Formulate State Equations

Arrange these first-order differential equations into the standard matrix form: $$\dot{x}=Ax(t)+Bu(t)$$ Where:

  • \(\dot{x}\) is the vector of the time derivatives of the state variables.
  • \(x(t)\) is the state vector.
  • \(u(t)\) is the input vector.
  • A is the system matrix, derived from the coefficients of the state variables in the state equations.
  • B is the input matrix, derived from the coefficients of the input in the state equations.
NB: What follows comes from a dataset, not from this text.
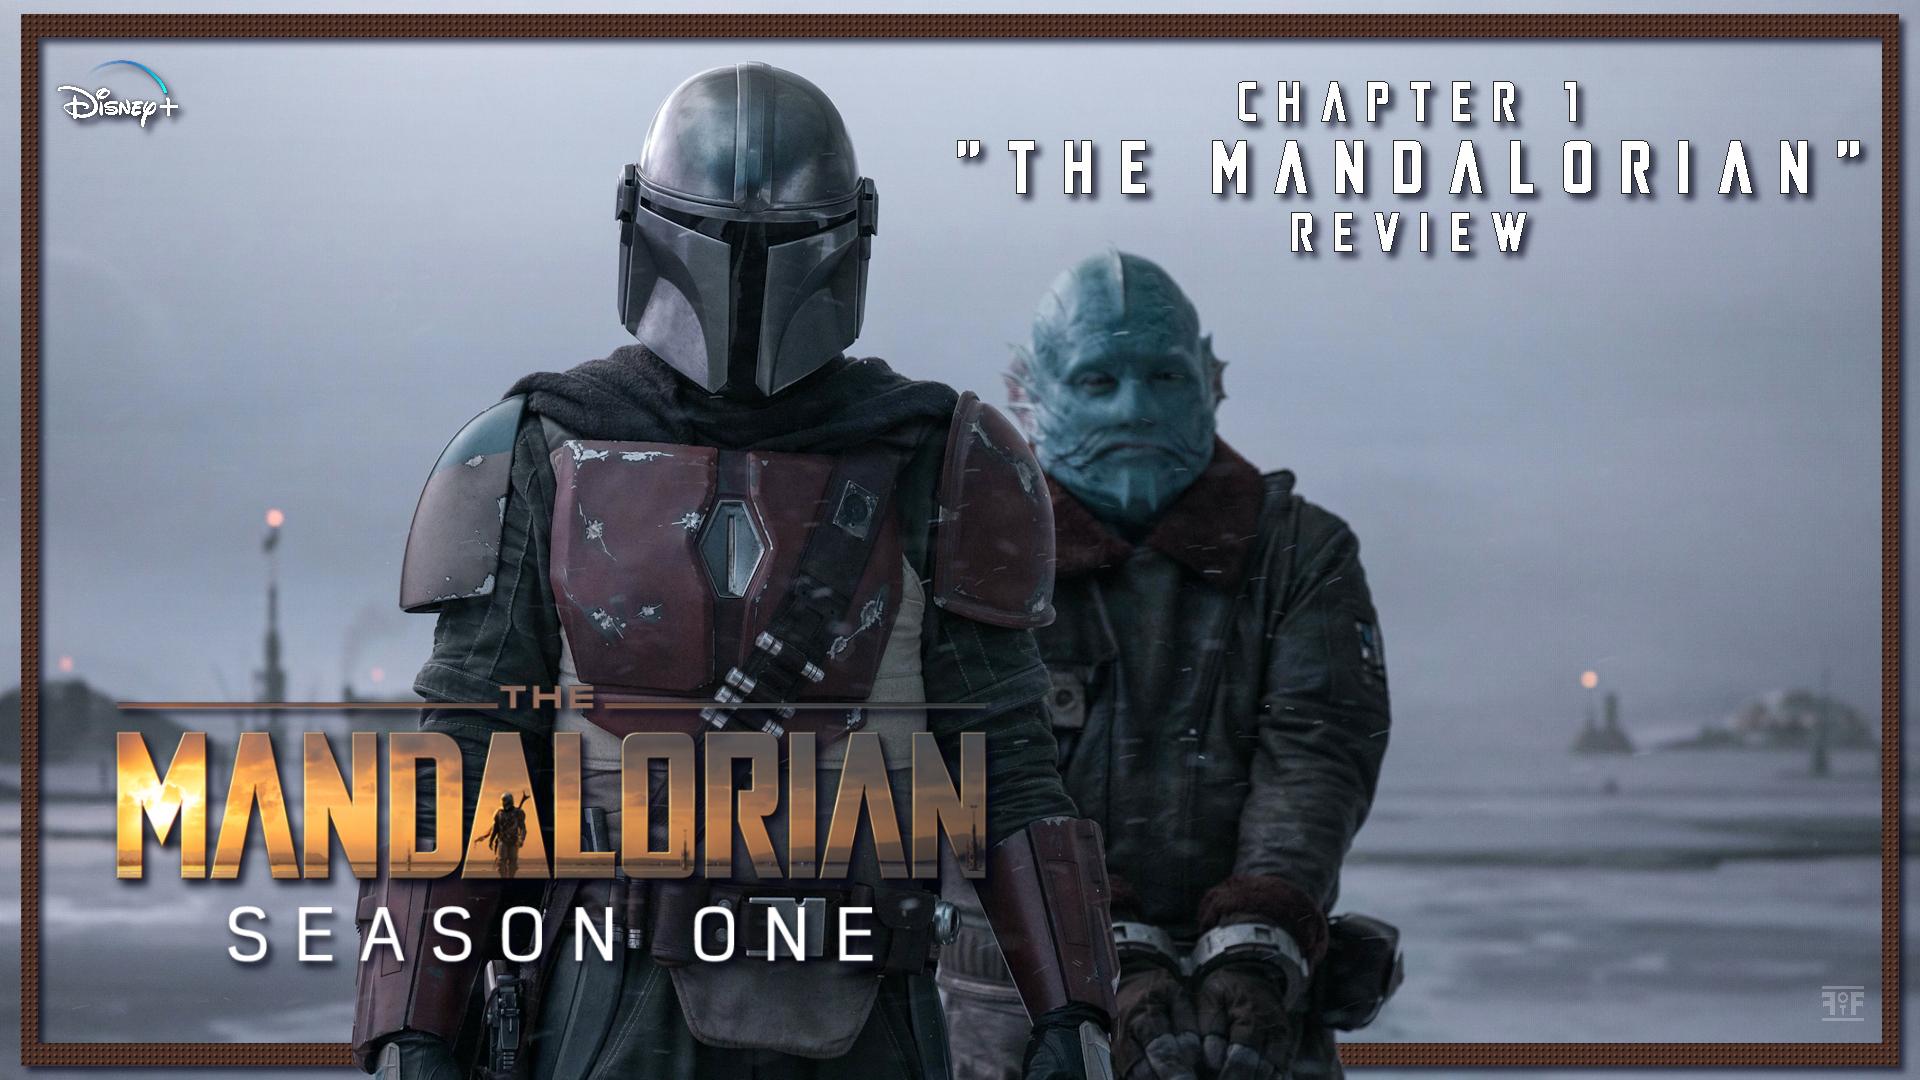 The Mandalorian: Chapter 1 'The Mandalorian'
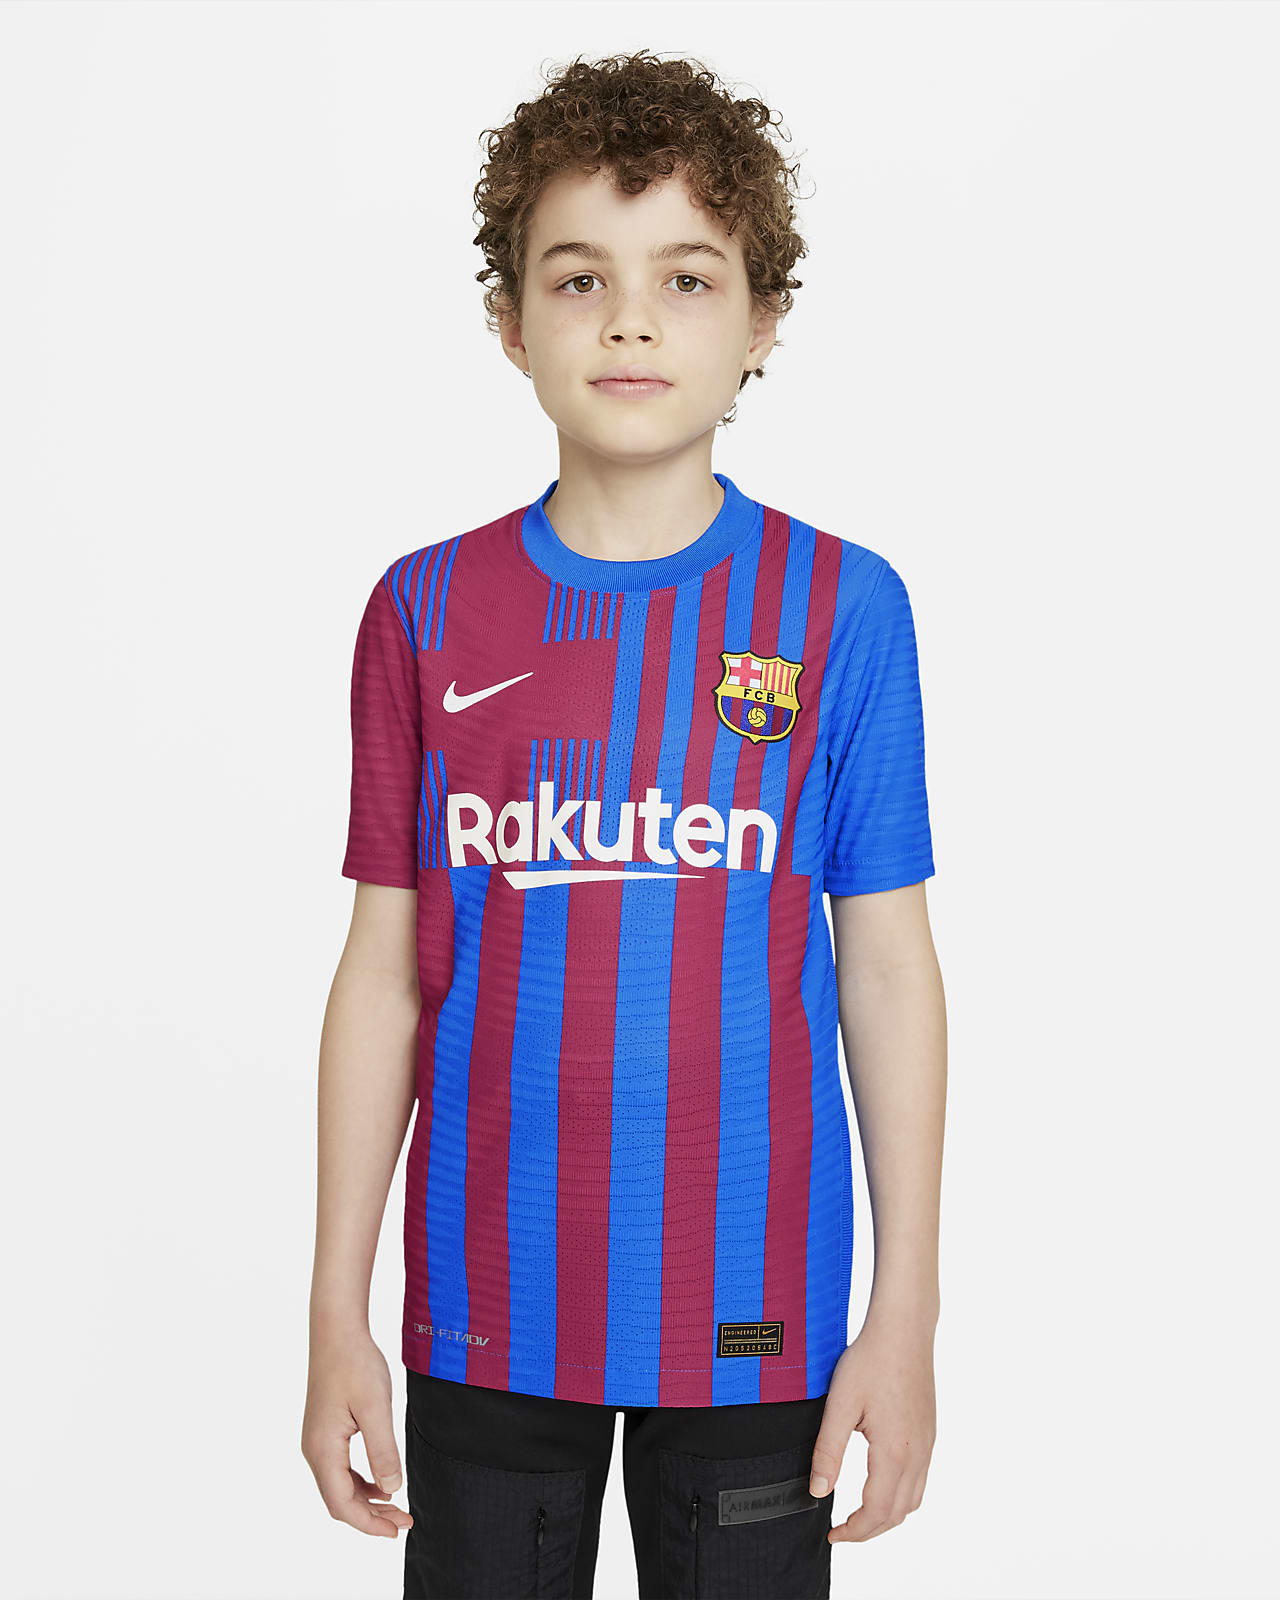 Camiseta de fútbol Nike Dri-FIT ADV para niños talla grande FC Barcelona 2021/22 Match Home

Formulate the Output Equation:

Define the system's outputs (y(t)) as a linear combination of the state variables and inputs.

$$y(t) = Cx(t) + Du(t)$$

Where:

  • C is the output matrix, derived from the relationships between the state variables and the output.
  • D is the feed-forward matrix, representing the direct influence of the input on the output.

Controllability

A system is completely controllable if the initial state of the system is transferred to any particular state, in a finite time duration, when a controlled input is provided to it.

Kalmans test

Create the composite matrix Mc as shown below :

$$M_c=[B\hspace{0.2in}AB\hspace{0.2in}A^2B\hspace{0.2in}\dots{}\hspace{0.2in}A^{n-1}B]$$

Find the determinant of composite matrix Mc and if it is not equal to zero, then the control system is controllable.

Necessary and sufficient condition to check controllability

$$\text{rank}\,M_c=\text{rank}\,[B\hspace{0.2in}AB\hspace{0.2in}A^2B\hspace{0.2in}\dots{}\hspace{0.2in}A^{n-1}B]=n$$

Observability

Observability of a control system is the ability of the system to determine the internal states of the system by observing the output in a finite time interval when input is provided to the system. It is another crucial property of the control system as it shows the behavioural approach of the control system.

Kalmans test

Write the matrix \(M_o\) in following form :

$$M_o=[C^T\hspace{0.2in}A^TC^T\hspace{0.2in}(A^T)^2C^T\hspace{0.2in}\dots{}\hspace{0.2in}(A^T)^{n-1}C^T]$$

If the determinant of the matrix Mo is not zero, then the control system is observable.